Assessment of Foundational Science Across the USMLE
Some changes are, or have been, prompted by unintended consequences of the USMLE program. For example, many medical students prepared for Step 1 with a “binge and purge” mentality. They may have felt foundational science was not pertinent to the practice of medicine, so the information was memorized with short-term retention in mind, thereby failing to recognize the value of foundational sciences in medical practice. Evidence regarding the short-term retention of foundational science is strong. There have been six studies that embedded Step 1 foundational science questions on Step 2 Clinical Knowledge (CK) (7, 8, 14, 16, 27, 28) and one study that embedded such questions on Step 3 (10). Three studies have shown that examinees’ total scores were 3-6 points higher on Step 1 versus Step 2 CK and 11 points higher on Step 1 versus Step 3. Behavioral science was the only discipline in which the more advanced examinee consistently scored higher. Other researchers, both in the U.S. and elsewhere, have found similar results (6).
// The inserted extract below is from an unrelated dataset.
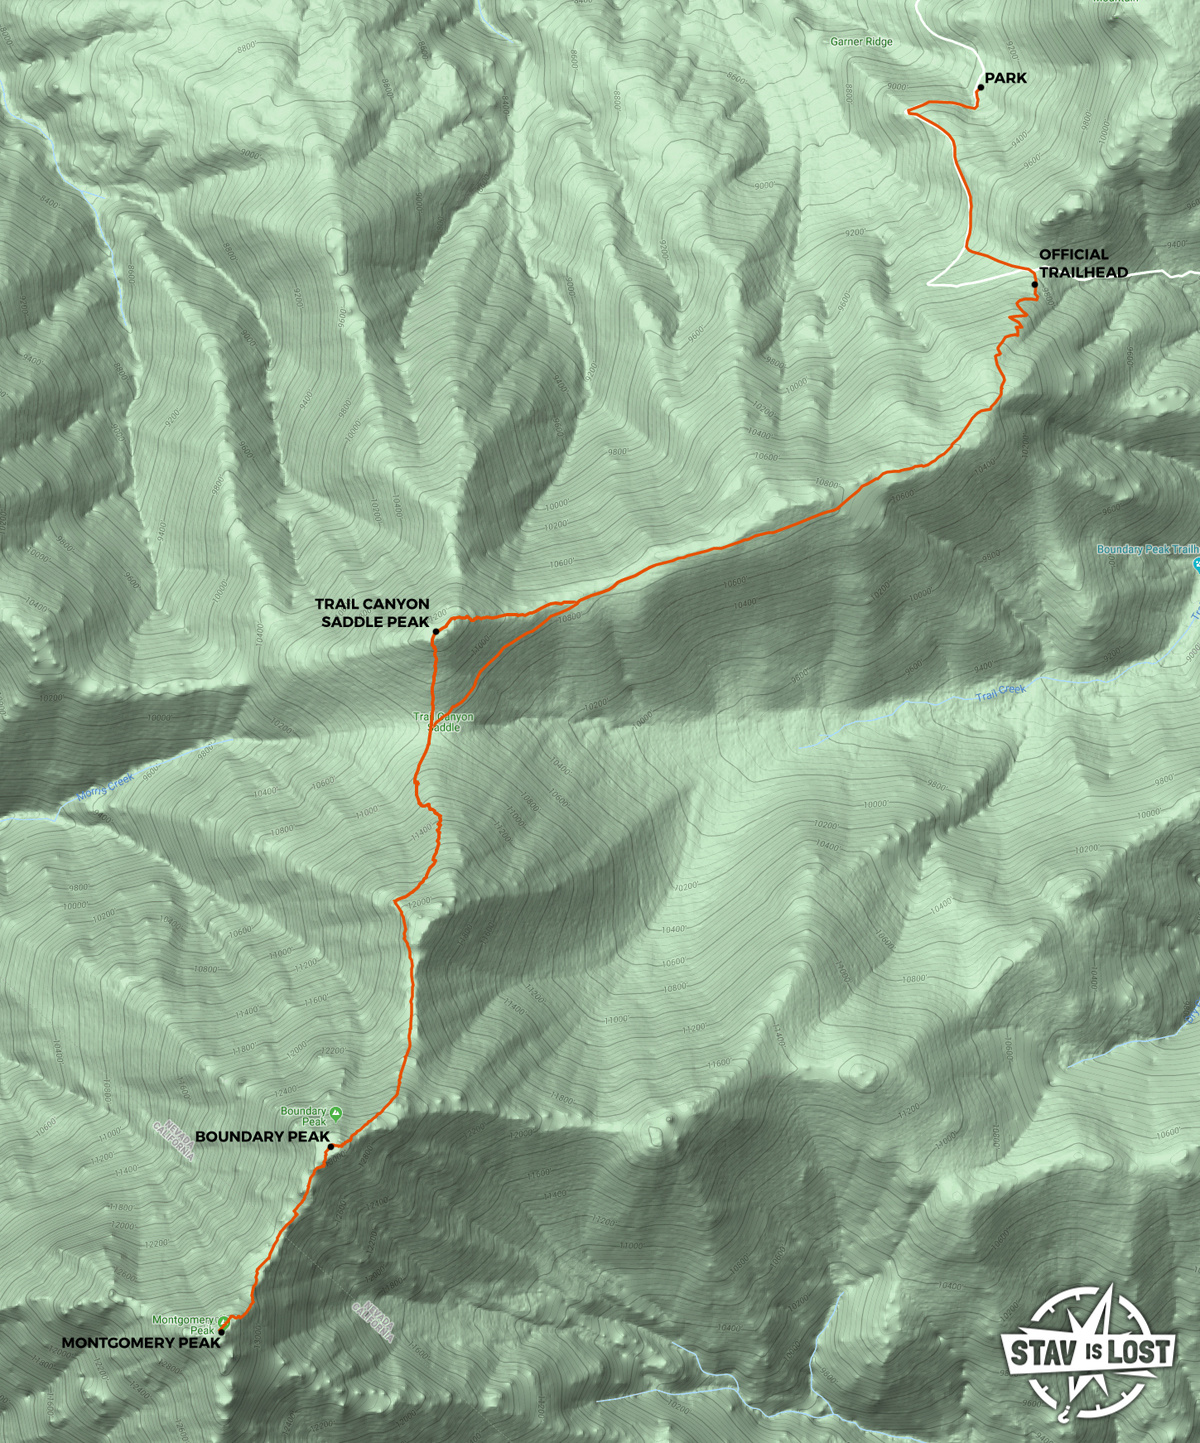 map for Boundary Peak and Montgomery Peak by stav is lost

The third recommendation, “the assessment of foundational science throughout the USMLE,” specifically addresses the binge-purge approach to learning. Foundational science knowledge is now extensively assessed on the Step 3 FIP examination; there is over 1 h of such content. Additionally, over the past 20 years, there has been increased emphasis on writing all Step 1 questions using clinical or experimental vignettes as the stimulus to each question. This has helped writers focus questions on the foundational science principles pertinent to the practice of medicine.
Emphasis on and Enhancement of CS Assessment
In the past, examinees’ performance on the SP cases in the Step 2 CS examination was scored via a checklist. This resulted in the unintended consequence of examinees asking as many questions as possible so as to increase the number of “yes” or affirmative marks. This “shotgun” approach to history taking is far removed from the actual behavior medical educators and communication experts teach, and this behavior does not necessarily reflect a competently performed patient-physician encounter. This was addressed in response to the fourth recommendation: “Continue and enhance the assessment of clinical skills important to medical practice.”
The approach to scoring the cases and assessing communication and interpersonal skills has been thoroughly and thoughtfully revised (12). The checklist is no longer used to score the history taking; in its place, an evidence-based scoring scale is used and assesses the presence or absence of desired observable behaviors. Scoring of the history taking and physical examination is based on the note written by the examinee. Additionally, examinees are required to include an ordered differential diagnosis and a care plan. They must provide evidence to support their differential diagnosis. In addition, more advanced communication skills cases, such as “breaking bad news,” have been developed, thus addressing a major finding in the new intern survey.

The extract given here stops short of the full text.